George chose the first museum of the day; I got to choose
the second. Located right
next door to the Transportation Museum and the Whitehorse Airport, the Yukon
Beringia Interpretive Centre is easy to get to. It’s also easy to recognize even from the
highway because there’s a family of woolly mammoths standing out by the parking
lot, not something you see many places along the Alaska Highway.
Along the path and through the woods is another animal you
can’t ever see anymore—a giant beaver. I
had to hang onto him to get him to stand still so George could take our
picture.
We followed the path to a building that looks like it’s not
finished yet, although my guess is that the yellow arches are supposed to
signify woolly mammoth tusks or scimitar cat teeth.

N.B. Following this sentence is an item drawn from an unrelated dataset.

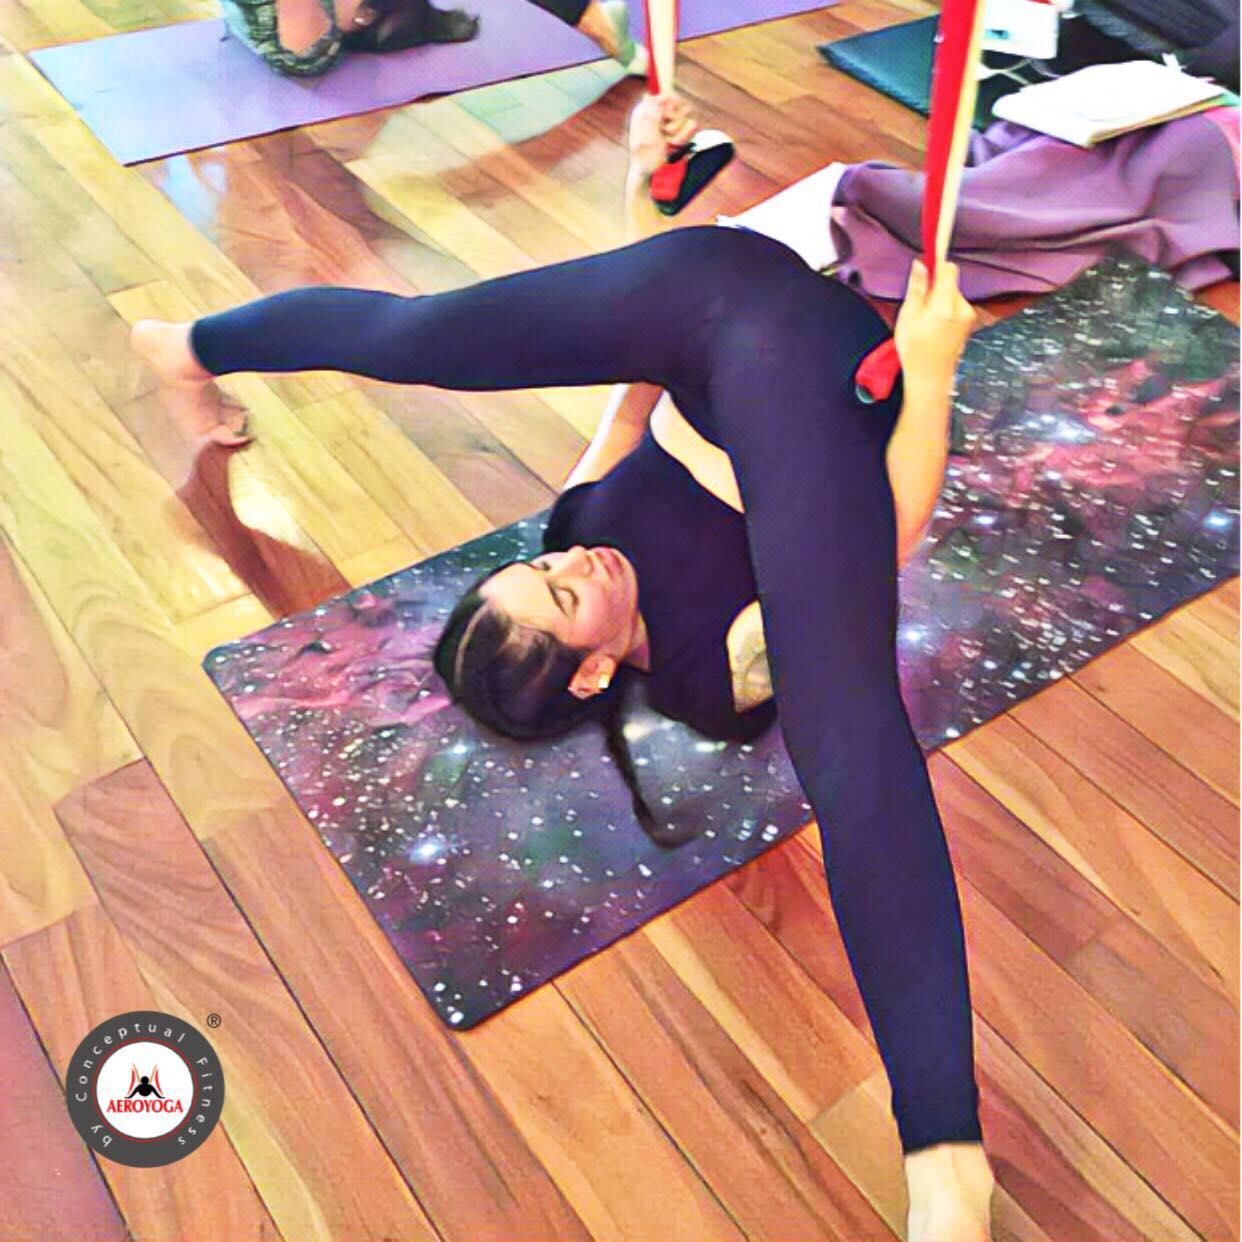 Formación Profesores Yoga Aéreo, Hoy Ejercicio del Arado en Suspensión con AeroYoga ® Institute

Just inside the door is a giant globe. I was standing there looking at it and a very
nice docent came over, asked if I’d like some information on what I was looking
at. I said yes and he started explaining
about The Last Great Ice Age. (I
could tell he was capitalizing and italicizing each word as he said it. He was really enthused about this museum and
his job!)
I didn’t stand in the right place to take the picture, but there’s
a land bridge between North America and Asia that remained uncovered by
glaciers during the Ice Age. This sub-continent of eastern Siberia, Alaska and
Yukon was named “Beringia”, after the Bering Sea. It was cold but didn’t get a lot of precipitation. Without precipitation you don’t get snow and
ice. Without snow and ice, animals can
live on the grassy tundra.
Skeletons of prehistoric mammals have been found all over
the area. The most impressive is the
woolly mammoth. I don't know if we're most impressed by big extinct animals because they're big or because they're extinct.
I don’t think I’d ever heard of the Giant Short-Faced Bear. He was bigger than a grizzly and probably
would have not have been impressed with bear spray.
The docent told us that some fossil bones of a big ground sloth had been sent to then VP Thomas Jefferson. The future president not only thought the old bones and claws were from a lion, but he didn't believe in species going extinct and thought these critters were still wandering around the continent. When he sent Louis & Clark out exploring in 1802, he asked them specifically to look for live animals. The docent credits the Jefferson's ground sloth with the expansion of the US. I don't know if that's valid, but Lewis & Clark probably weren't looking forward to dealing with an animal this size, one who probably didn't move as slowly as today's smaller sloths who didn't make it onto the Extinct List.
Beringia didn't have saber-tooth tigers. The region's big cat is called a "Scimitar Cat". They mounted the bones, and then reconstructed what they think he might have looked like. I think paleontologists have finally admitted that they haven’t a clue whether the big cats had stripes. This one seems to have both--as well as very large teeth.
We watched a video—but I think I would have enjoyed talking
to the docent longer. We had talked about other fossil beds we'd seen during our travels. He was excited that we'd been to Idaho and actually seen a Hagerman horse fossil.
I really enjoyed this museum—although I think we missed a section. The brochure I picked up said there were frozen ice-age carcasses
uncovered by gold miners, and there were exhibits of paleontologists’ work in
northern Yukon. I don’t remember seeing
any of that so I would go again, but George probably won’t want
to when we go back through Whitehorse.